• Work item:
Beneath this instruction is a listing; print exactly the lines in it starting at the line that contains "合併症なぞらえるファイルMOLTON BROWN(モルトンブラウン) モイスチャーリッチ" and going through the line that contains "Paris, France. 3th".

• Input records:
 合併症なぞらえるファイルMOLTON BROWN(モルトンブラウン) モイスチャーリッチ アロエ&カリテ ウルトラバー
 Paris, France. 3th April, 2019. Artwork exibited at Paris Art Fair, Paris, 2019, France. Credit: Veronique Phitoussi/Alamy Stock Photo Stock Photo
---
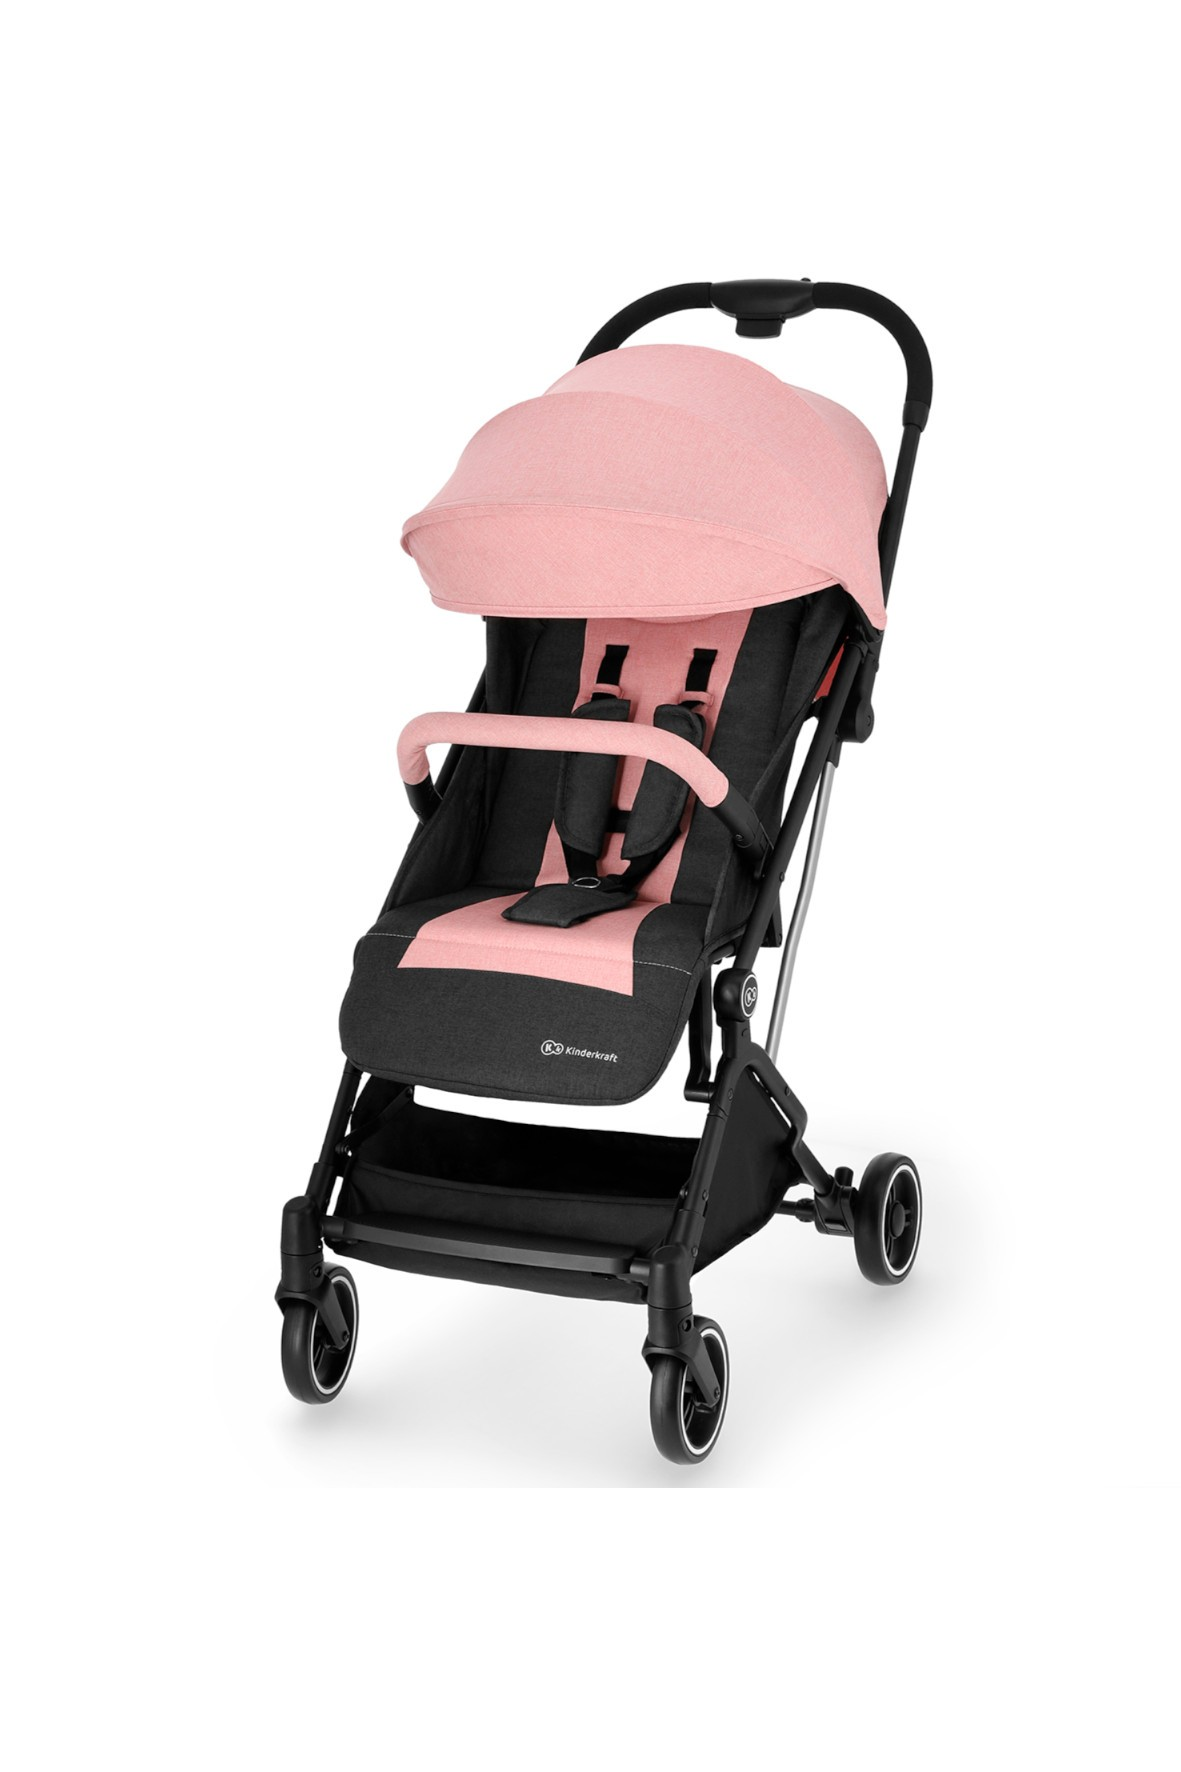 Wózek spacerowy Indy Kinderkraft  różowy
==
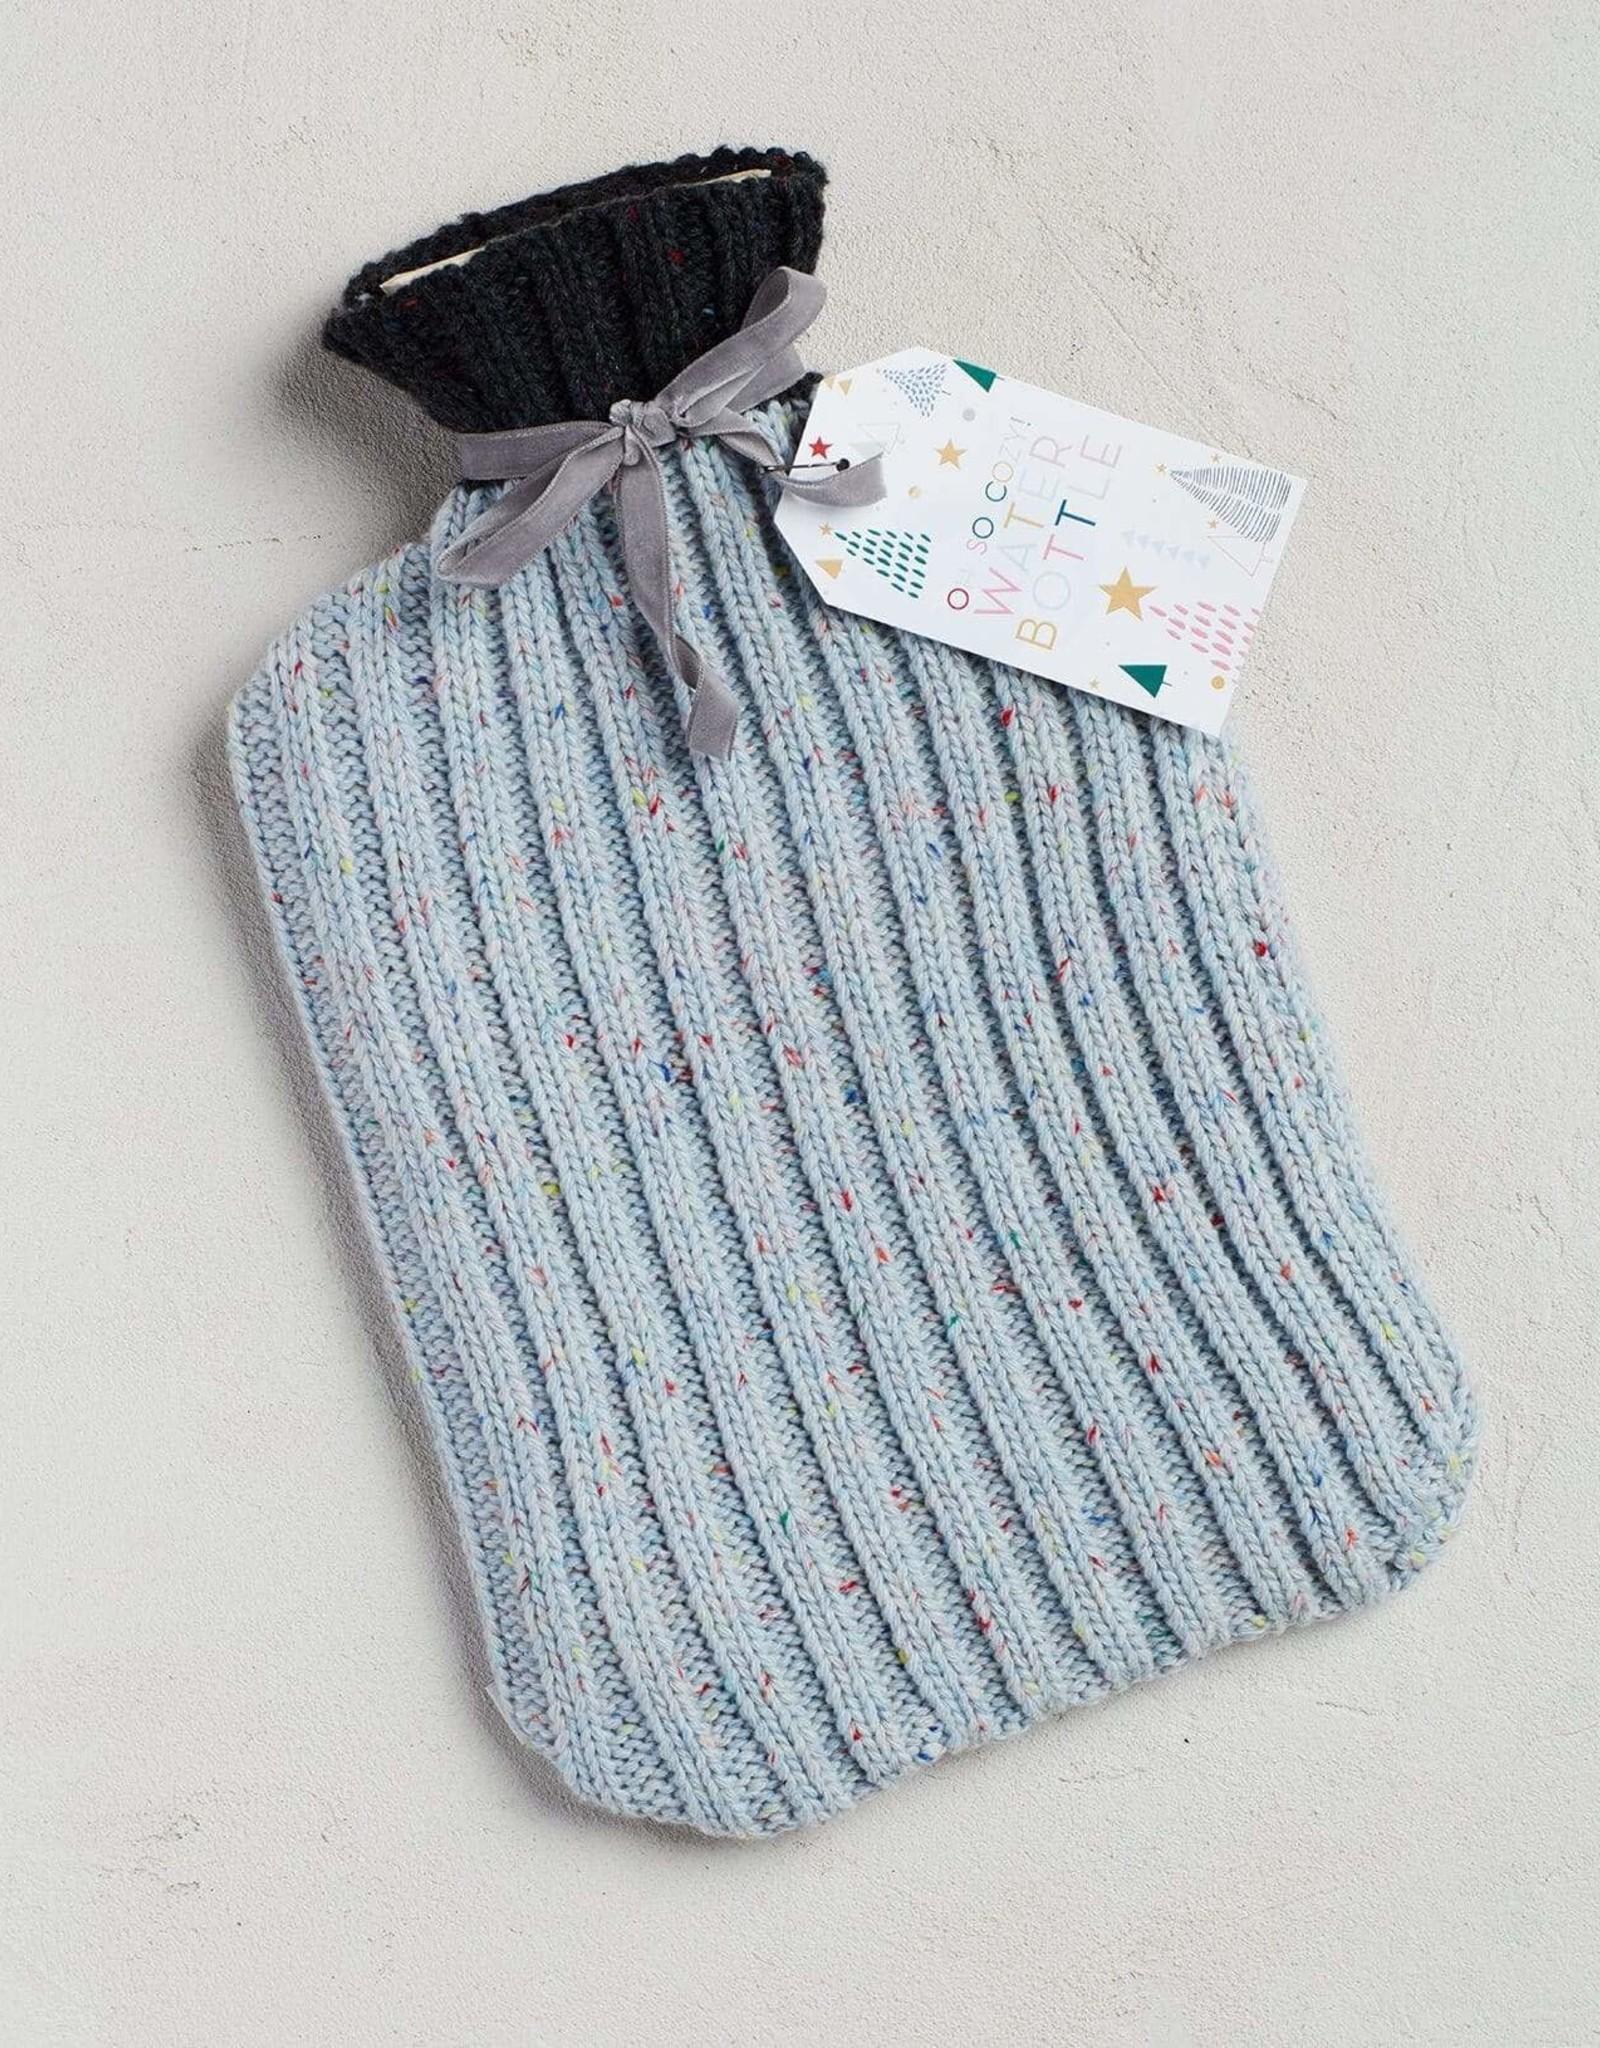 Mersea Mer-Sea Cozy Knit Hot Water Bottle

• Worked solution:
 合併症なぞらえるファイルMOLTON BROWN(モルトンブラウン) モイスチャーリッチ アロエ&カリテ ウルトラバー
 Paris, France. 3th April, 2019. Artwork exibited at Paris Art Fair, Paris, 2019, France. Credit: Veronique Phitoussi/Alamy Stock Photo Stock Photo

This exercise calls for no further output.